For our July Webinar, Brian Hannon, VP of Sales at LeveragePoint, explored the multiple positive impacts that result from strong B2B value conversations, including milestones during the customer journey, that enable B2B organizations to grow revenues and profitability. After the session, he answered questions from the webinar audience. In this blog, we share his live answers.
Do you ever see teams engage in what they call “value conversations” that are missing a key element? Where are the most common gaps?
There are a couple of ways I would answer that. Number one, sometimes when we talk to customers they say, “yeah, we talk value all the time.” But when we ask them to be specific, it gets kind of fuzzy. What we find is the quantification is a step that should be done prior, and sometimes people skip that. Sometimes they don’t necessarily know how to do it (at LeveragePoint we help you do that). Quantification is important, and if that’s not part of the value conversation, you’re missing a major part of it.
I think the other part is the way that [sales] conversation goes. If you present a spreadsheet with an ROI number to someone and say, “I had a value conversation,” they might look at the spreadsheet and go, “yeah, that’s great.” And then they walk away, but it doesn’t stick. The issue there is without engagement, you’re not really having a value conversation. You’re just giving them an ROI number they need to make a decision. Building a story that they’re part of, and that they participate in, is really critical to viewing something as a successful value conversation.
How important are Value Conversations with existing customers? When should I apply them during the renewal lifecycle?
We see that a lot, and some of the larger, more mature procurement organizations are wary of having value conversations because it puts them in a more difficult position. They lose their advantage, and no one wants to lose their advantage.
Number one, we recommend that you don’t introduce value at the end of a sales cycle. It’s too late. And if you do, you’ll probably get shot down more often than not. If you try to engage in value for the first time with the procurement person, they’re going to smile and say, “that’s cute, but no, we’re not going to talk about that right now.”

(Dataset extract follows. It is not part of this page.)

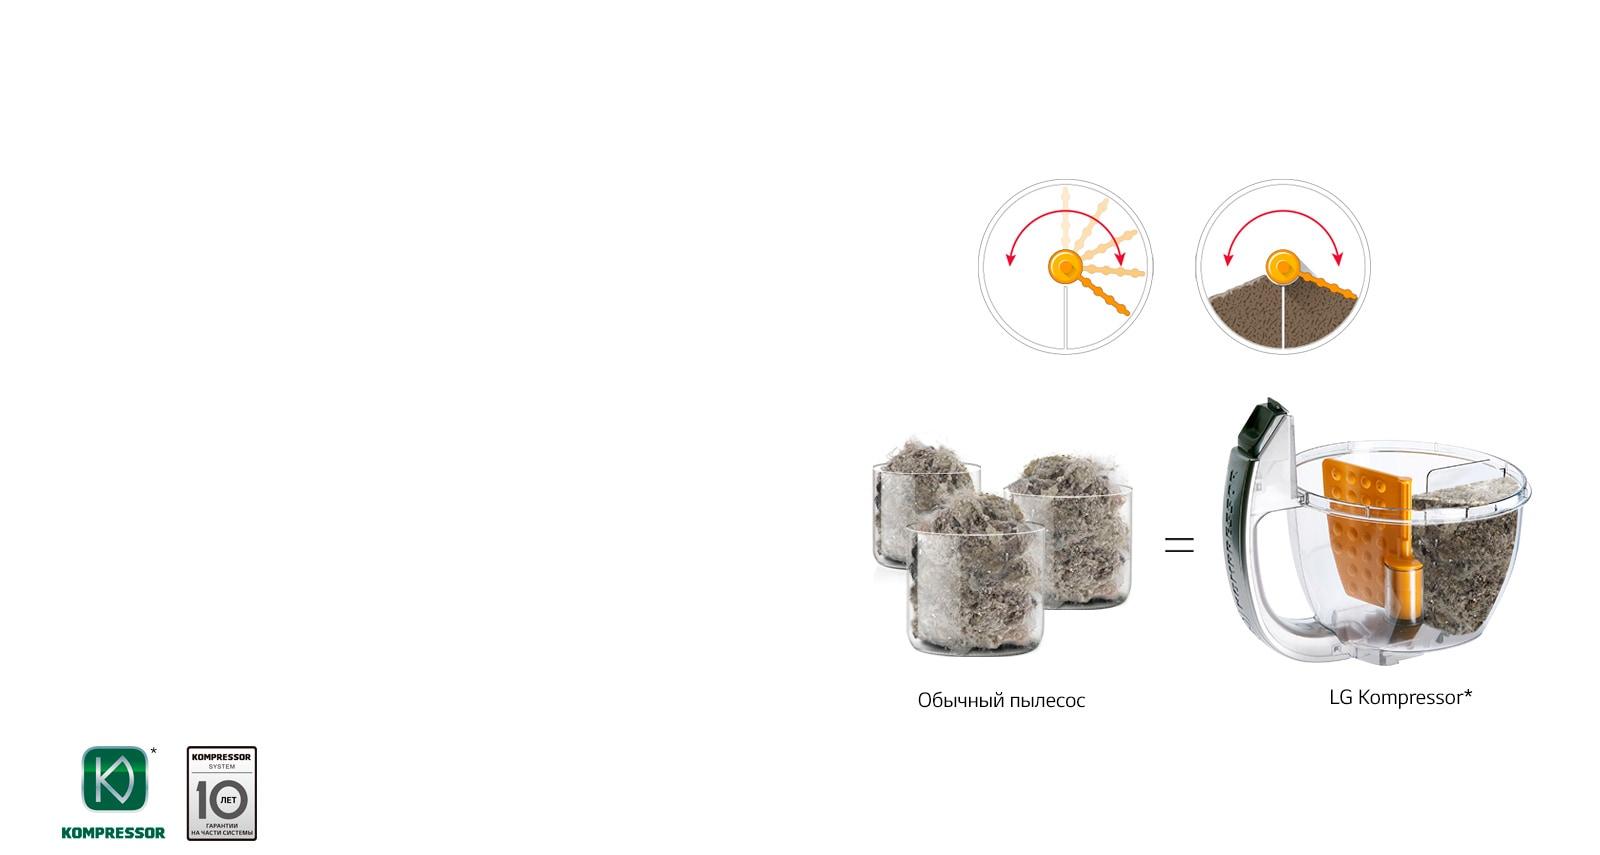 Kompressor* - тройное спрессовывание пыли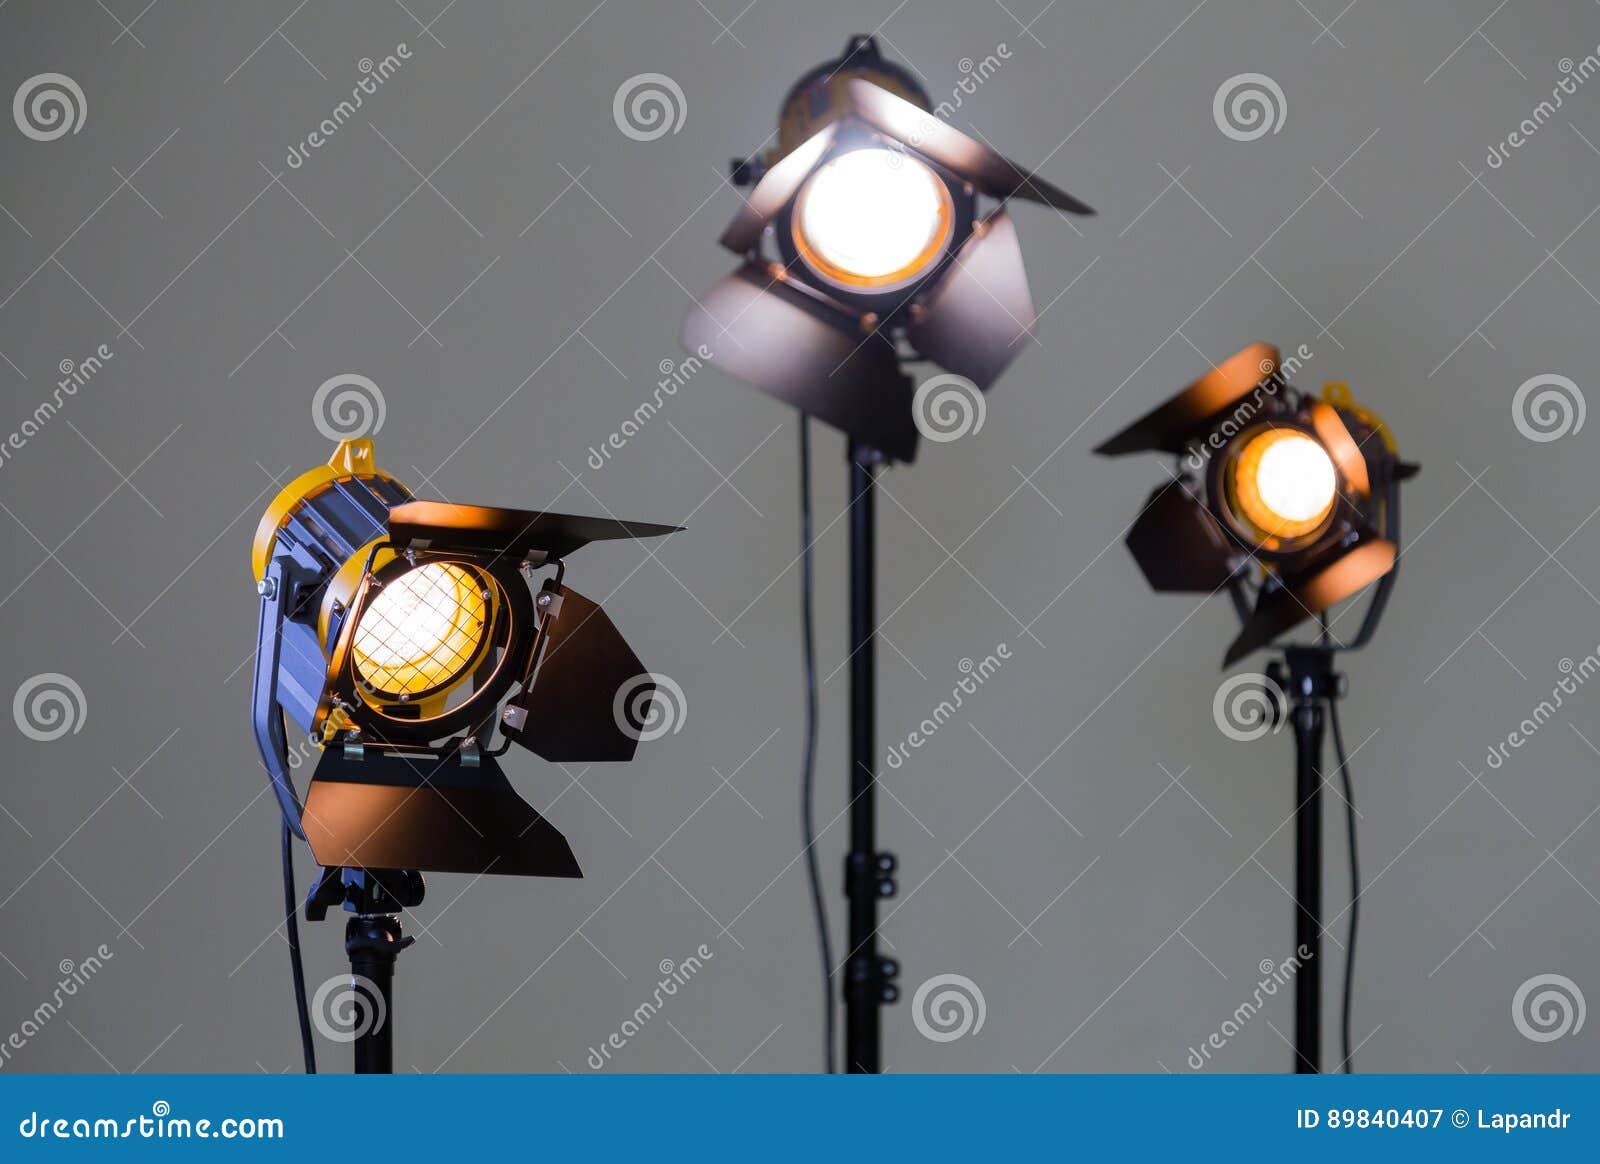 Três projetores do halogênio com lentes de Fresnel em um fundo cinzento Fotografia e filmar no interior

What we do recommend is having a conversation earlier in the sales cycle with people in the organization, not procurement, but rather people who are trying to make changes and improvements, reduce costs, and increase revenue. They are much more willing to engage in that back and forth. And once you have that information and you’ve developed that joint proposal, that’s when you introduce it to procurement, since it’s much harder for them to push it off. If they know their colleagues have endorsed it, they can’t just ignore it.
How important are Value Conversations with existing customers? When should I apply them during the renewal lifecycle?
Our recommendation, and what we hear from customers is most successful, is that value should not only be used when you’re trying to get new business. Value should be used to confirm that the business that you have is going well. The people that you’ve sold to in the past want to hear that they made a good decision, and coming in and reinforcing to them that, for example, “six months ago you went with us and you made a great decision. Look at all the great outcomes you’re seeing.” That is a great conversation to have. And they want to have those conversations that it makes them feel better, but it does something else at the same time. It solidifies your relationship with them.
As salespeople, we’ve all had that time where we wake up one morning and say, “wait a minute. Is my customer talking to my competitor? Maybe they’ve been talking to them for months. And I don’t know about it. What have they been doing? I’ve just assumed things are going well, and I’m not prepared for this.” When you have regular – and these can be annual or quarterly – value conversations with your customer, your preparing them for when a competitor calls up and says, “hey, I can do better. Or I’m cheaper.”
They already have information at their fingertips that helps them say “I know you’re cheaper, but here’s why you’re really not cheaper,” or, “hey, tell me how you would do this or that.” In many cases, especially with the cheaper competitors, they’re not prepared to have any of these value conversations. So those competitive threats become very short-lived. And so having that regular value conversation, just to ensure that you keep a customer, even the contract isn’t up for six months to a year down the road, not waiting until the end to have that value check-in early on, on a regular basis, will help you sleep better at night.